WHAT IS EXPECTED: A faithful copy of the listing below is needed, one that contains no pictures.

DATA EXTRACT:
════════

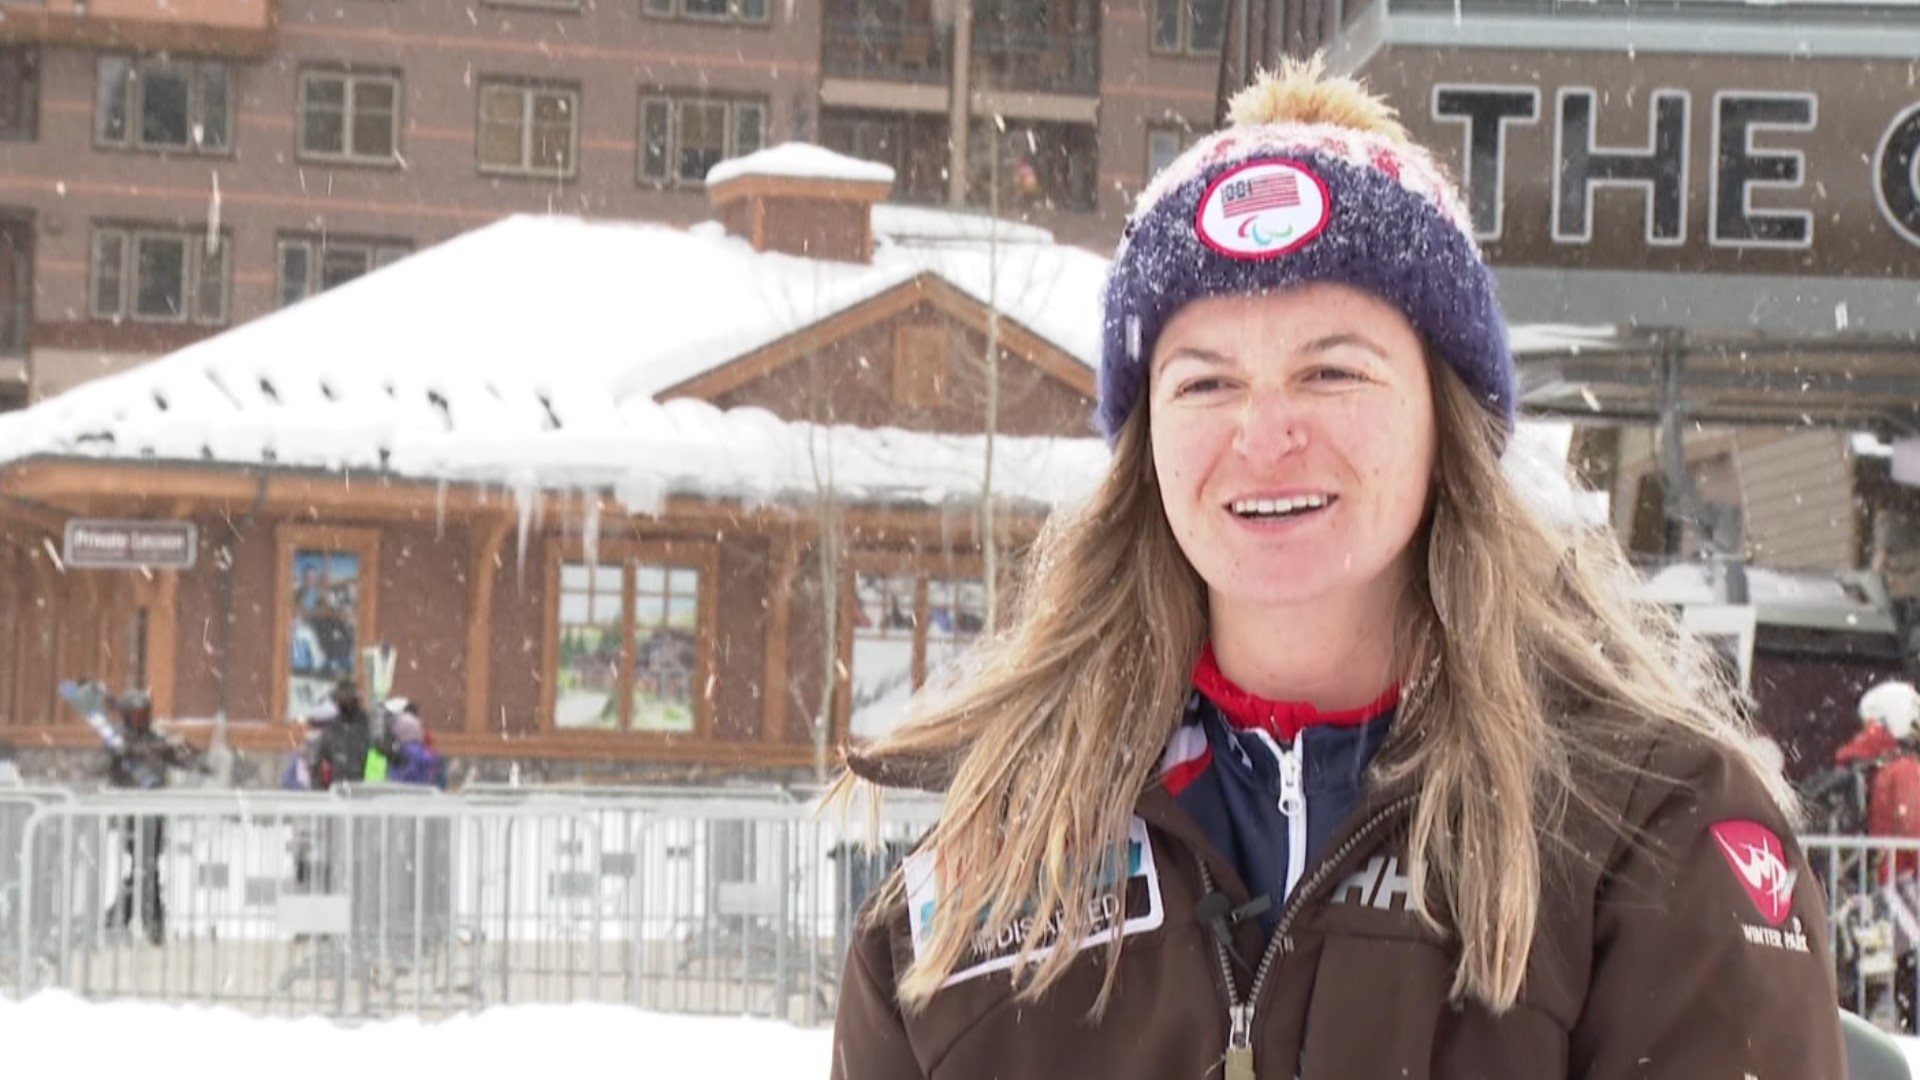 Coming off of her first Paralympic Games in Beijing 2022 and being named to the US Para Alpine team, Allie Johnson is encouraging more girls to pick up ski racing.
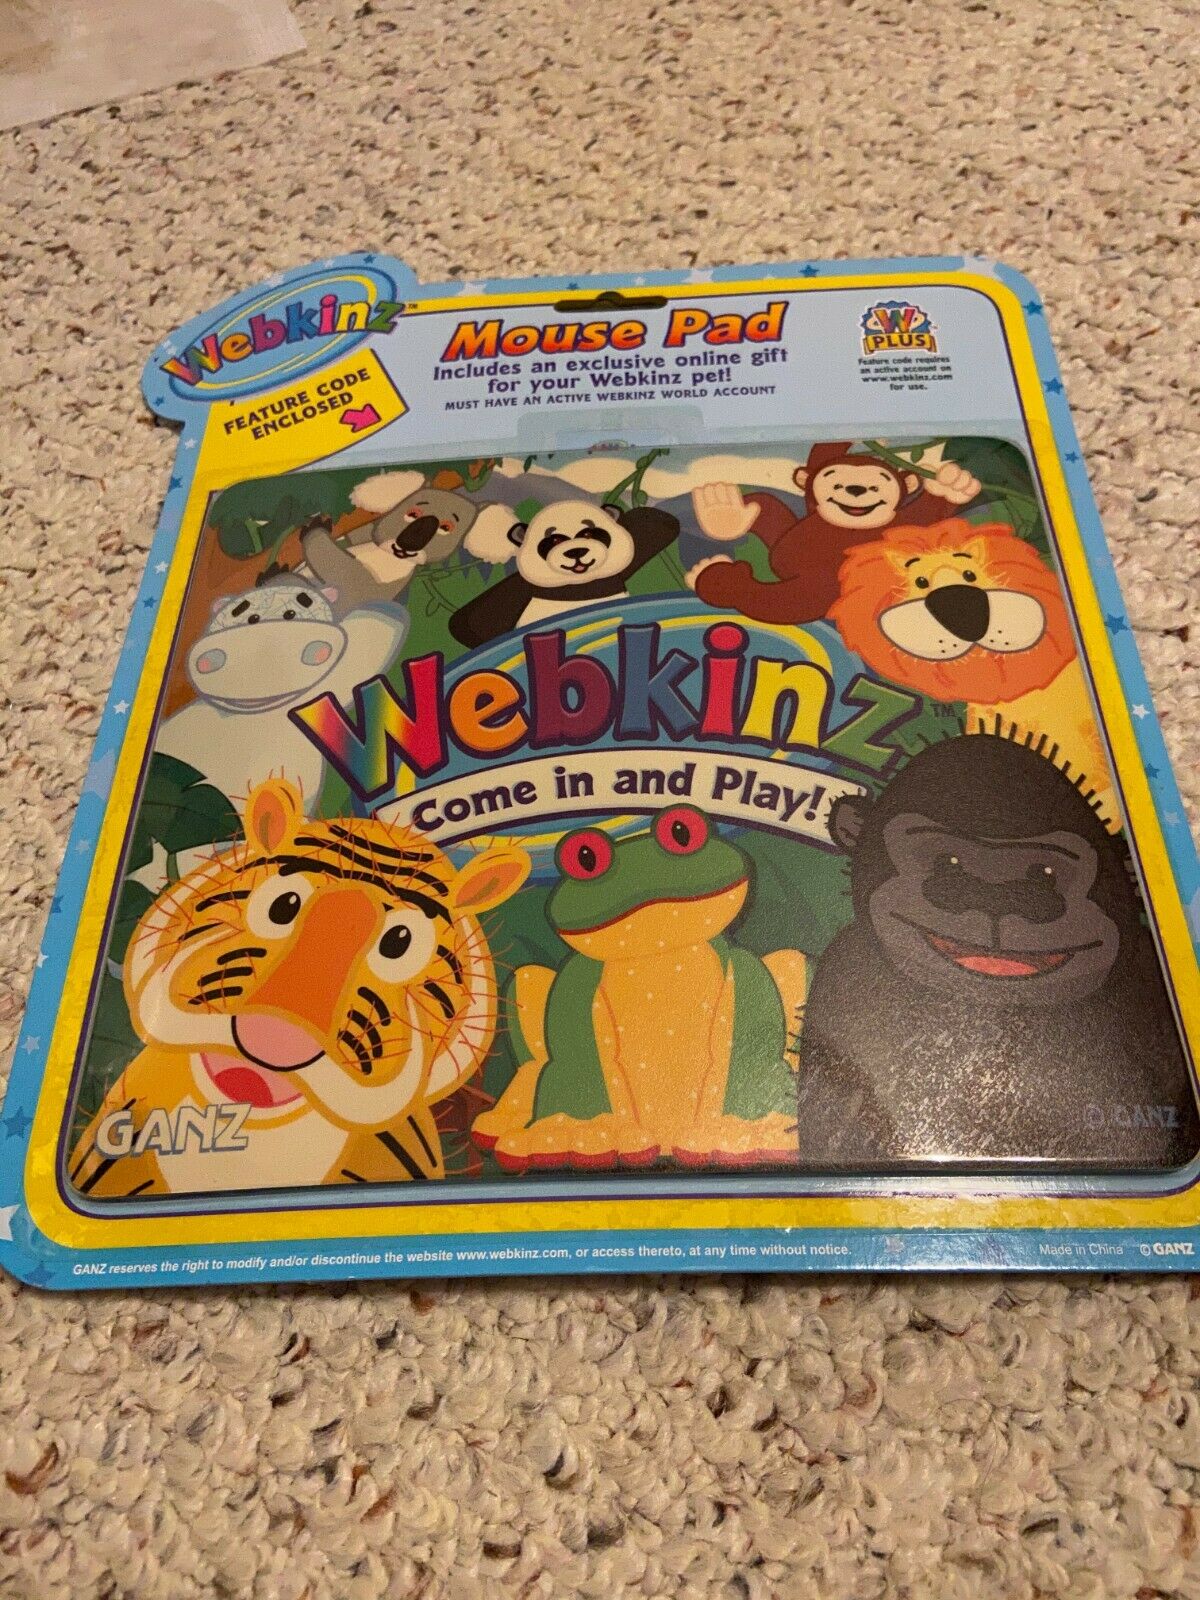 Nwt Webkinz Mouse Pad With Code Features Gorilla, Tiger, Hippo: Sealed With Code
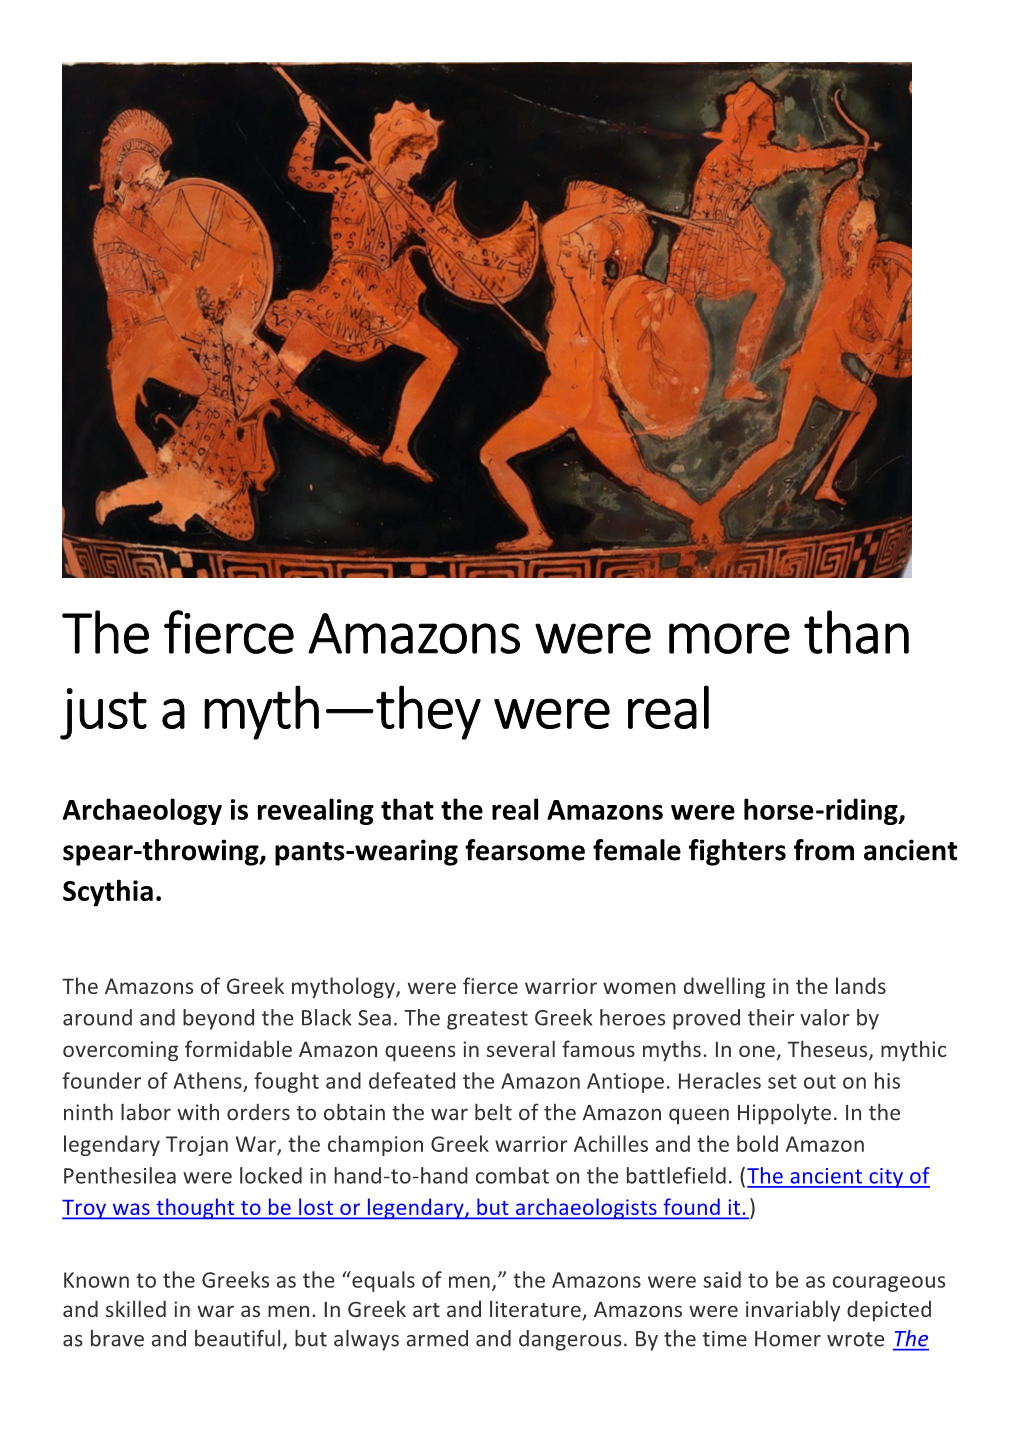 The Fierce Amazons Were More Than Just a Myth—They Were Real

════════

YOUR RESPONSE:
 Coming off of her first Paralympic Games in Beijing 2022 and being named to the US Para Alpine team, Allie Johnson is encouraging more girls to pick up ski racing.
 Nwt Webkinz Mouse Pad With Code Features Gorilla, Tiger, Hippo: Sealed With Code
 The Fierce Amazons Were More Than Just a Myth—They Were Real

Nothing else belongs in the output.